И буквально за четверть мгновенья
Солнце, словно художник Гоген,
Ветви — вены и жилки — деревьев
Отражает гравюрами стен.
Поглощают потоки-пороки
Лодки маленьких сонных людей... —
И горят их невинные щёки
Миллиардами алых огней.
В этой длительной красочной фуге —
Перемирье враждующих сем!
Страждут души и юные руки —
Счастье каждому сердцу и Всем!
Чара
Моя жизнь — брожение в Чаре*
Молодого вина. Очертанья
И изгибы чаруют тебя,
Но не пей! И безумно любя,
Выпив страсть в охмелённых касаньях,
Можно вмиг в одурённом угаре
Расплескать солнце жидкое чувств,
Разлюбить этот ягодный вкус...
Ты пойми, моя жизнь — сновиденье,
Искушенье и праведный грех:
Я — собрание горьких утех
И дитя векового мгновенья!
Будь со мной!
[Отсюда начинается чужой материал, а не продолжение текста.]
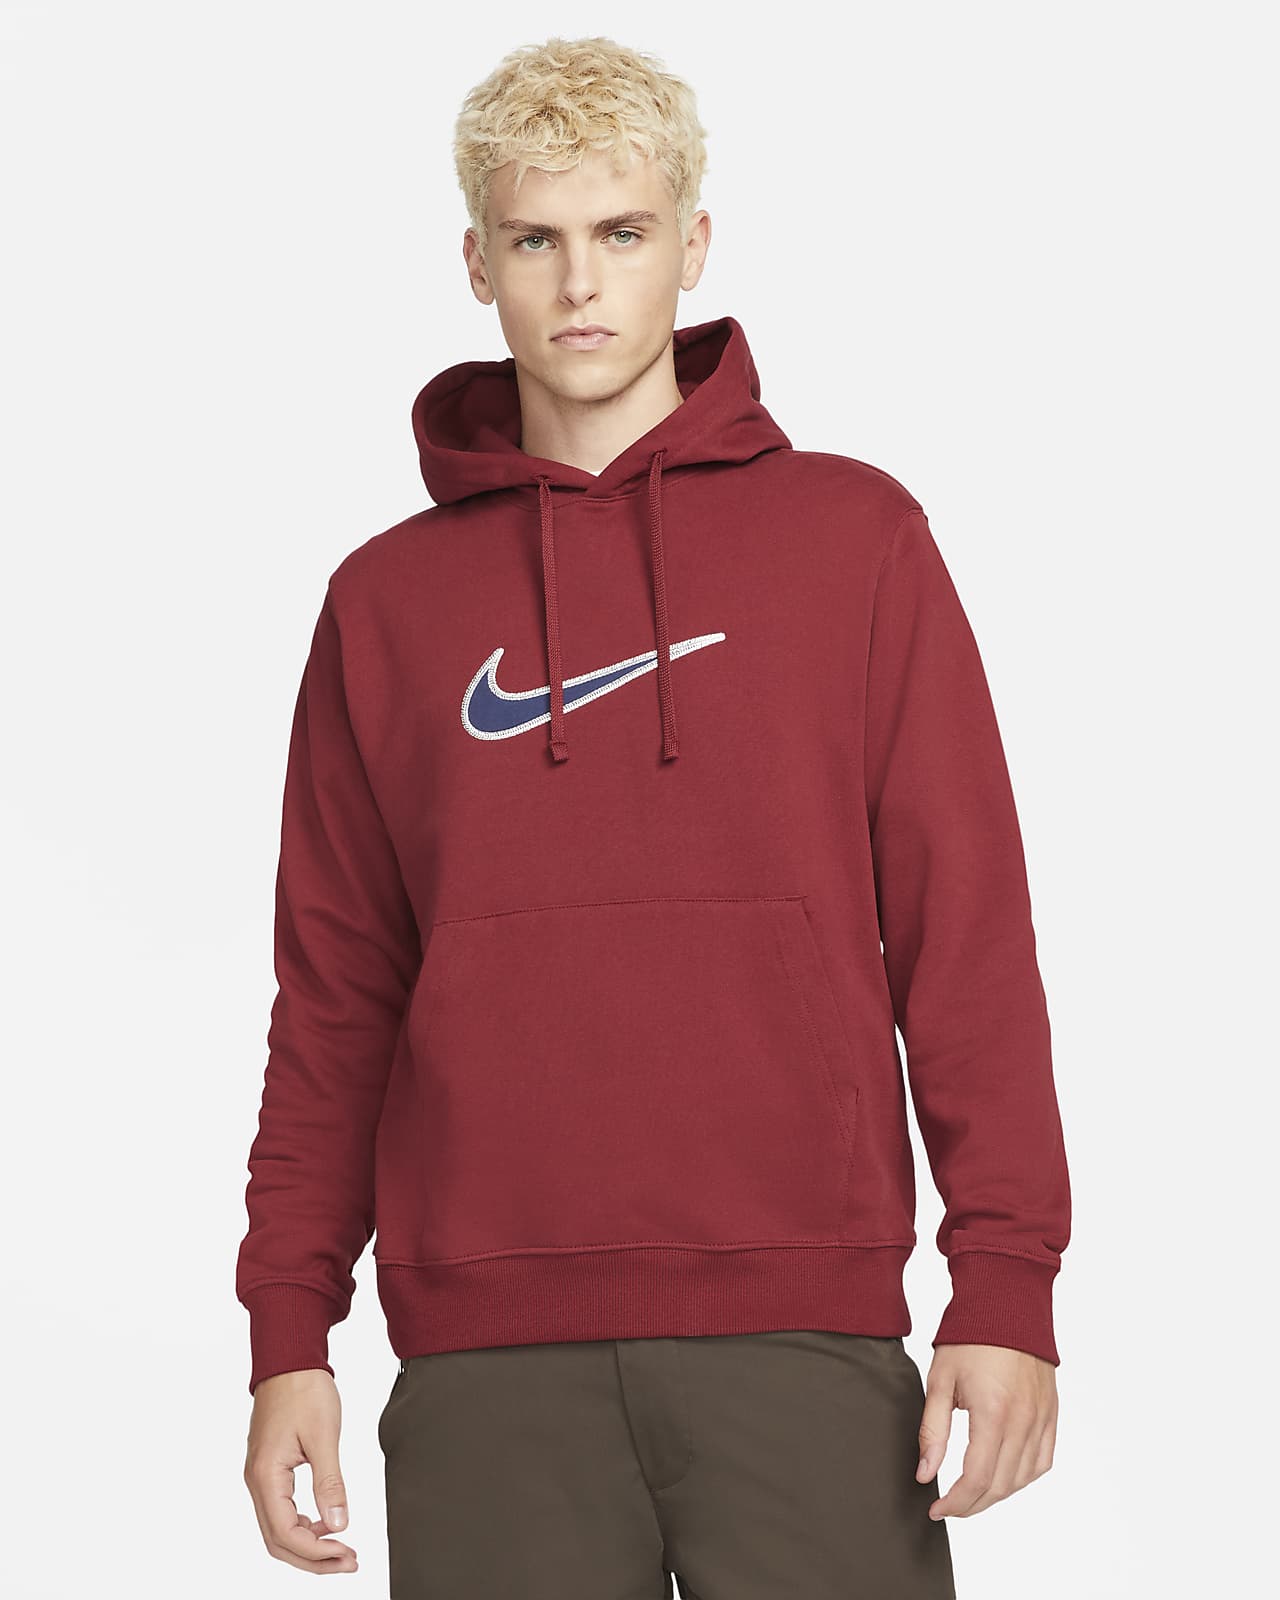 Felpa pullover in fleece con cappuccio Nike Sportswear Swoosh - Uomo

Я в ладонях твоих
Стану вскоре домашнею чашей,
И мой дух вдруг окажется тих,
Став чуть видным при свете стаффажем**,
Поглощённым вселенским пейзажем.
Тёмным морем на донышке он
Чайно-сонною жидкостью плещет —
Он брожением юности вещим
Предсказал воплощённого сон.
* Чара — древнерусский металлический сосуд для питья крепких напитков.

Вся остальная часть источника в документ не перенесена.